US risk stratification for malignancy and indication for US-FNA.

	French [77] 2013		ATA [1] 2016		ACE/ACE-AME [2] 2016		Korean [20] 2021		ETA [79] 2018
Risk Category	M.R. (%)	FNA Size (cm)	M.R. (%)	FNA Size (cm)	M.R. (%)	FNA Size (cm)	M.R. (%)	FNA Size (cm)	M.R. (%)	FNA Size (cm)
High	100	≥1	70–90	>1	50–90	≥1	>60	>1–1.5	26–87	>10
Intermediate	69	≥1	10–20	≥1	5–15	>2	15–40	>2	6–17	>15
Low	6	≥1.5	5–10	≥1.5	1	≥2	3–10	≥1.5	2–4	>20
Very low	0.25	≥2	≥3	>2			<3
Benign	0	NA	<1	NA				NA	0	NA
No Nodule

M.R.—malignancy risk; N.A—not advised.

In nodular goiter, US-guided FNA cannot be performed in all nodules. The risk of malignancy for patients with multiple thyroid nodules is not very different from the risk for patients with a single thyroid nodule [9,86]. According to the guidelines [1,2,78], in the presence of 2 or more nodules equal or greater than 1–1.5 cm, US-guided FNA is recommended for those with suspicious US features. If none of the nodules have suspicious US features, FNA of the largest nodule should be performed. All the guidelines agree that US-guided FNA should be advised in high and intermediate risk category nodules, and not the low-risk category.

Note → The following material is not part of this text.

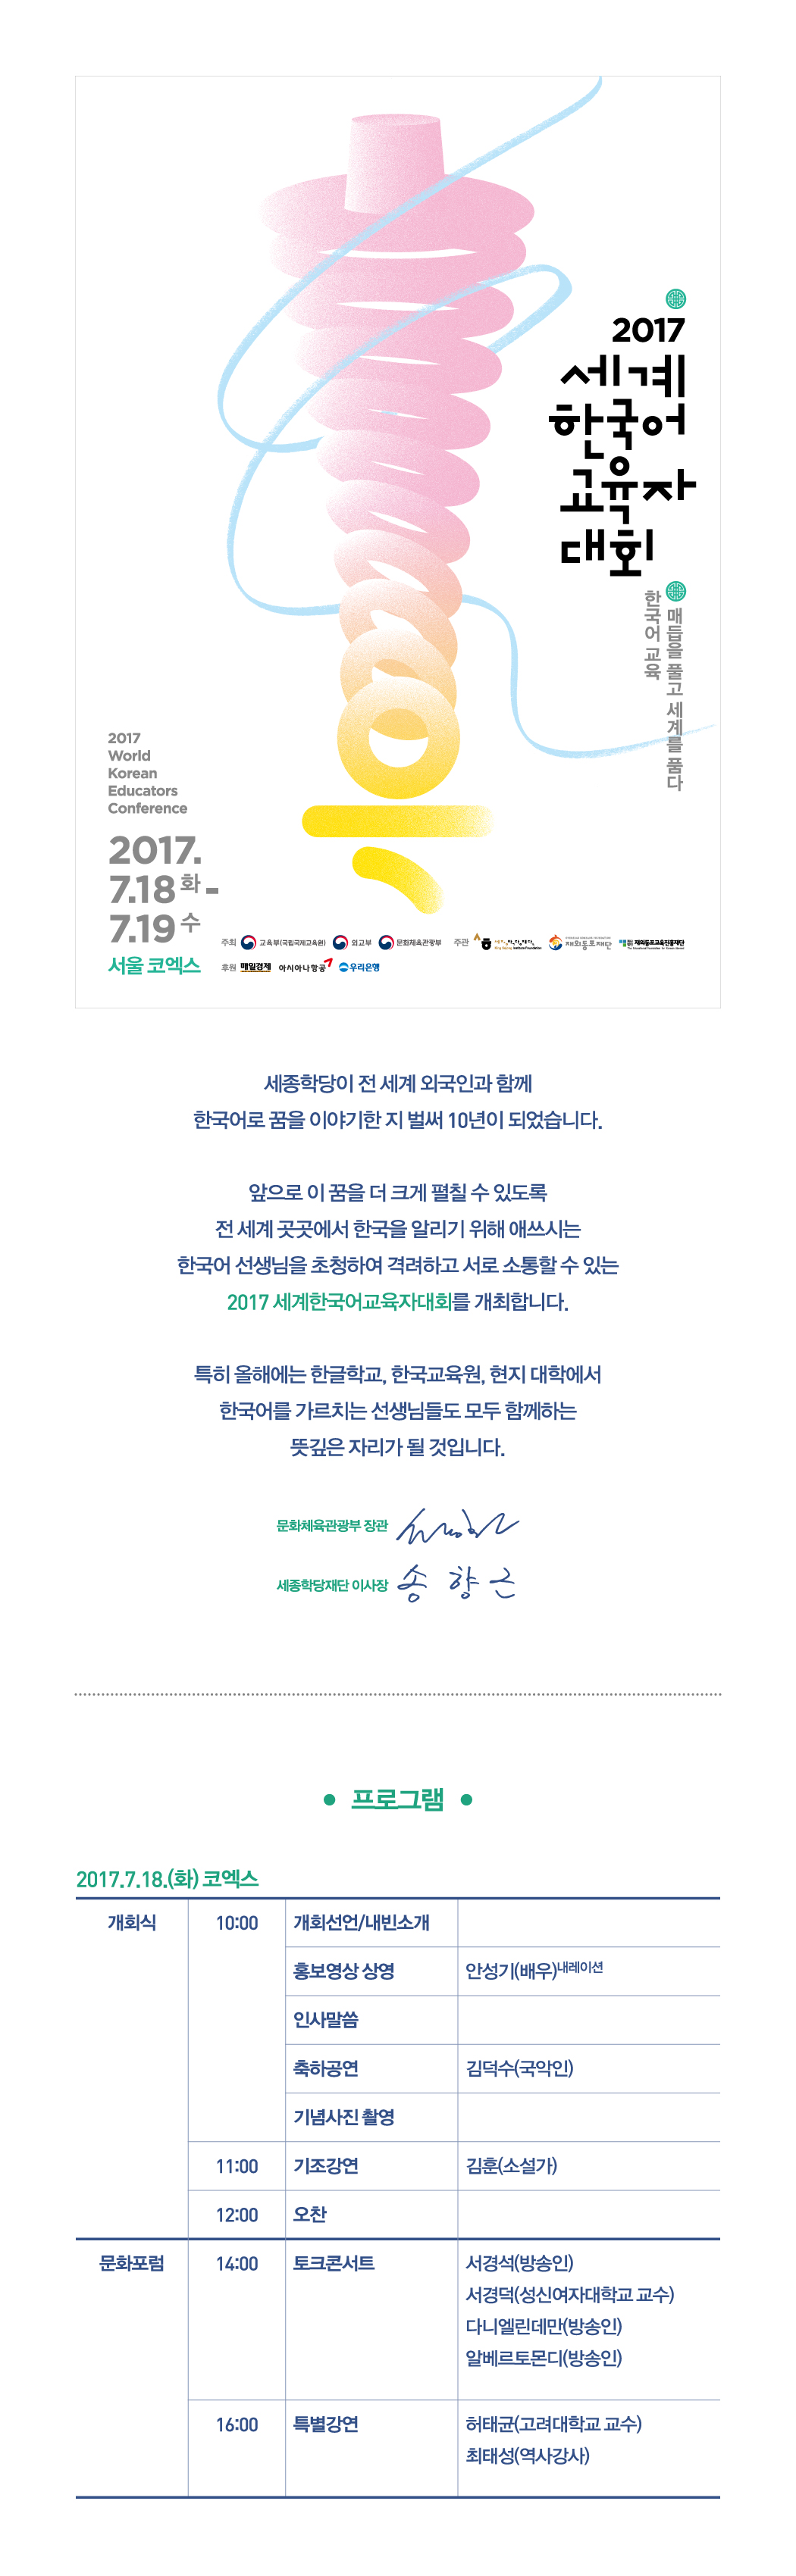 포스터 2019 세계한국어교육자대회 2017 World Korean Educators Conference 2017년 7월 18일(화)-7월 19일(수) 서울 코엑스

In summary, the three main aims of using US risk stratification systems are the following: (i) to contribute to the optimal management strategy; (ii) to reduce the number of unnecessary investigations; (iii) to select those patients who should be operated on. The secondary objectives are to facilitate communication between professionals and patients, facilitate a cross-dialogue between clinicians and pathologists, and improve the inter-observer agreement of US reports.

8. Conclusions

Today thyroid nodules are frequently detected by imaging techniques. Only a minority of these nodules will cause significant harm to health. Thyroid US is primarily responsible for this frequent detection, and is also the primary tool for stratifying the risk of cancer and the strength of US-guided FNA indication.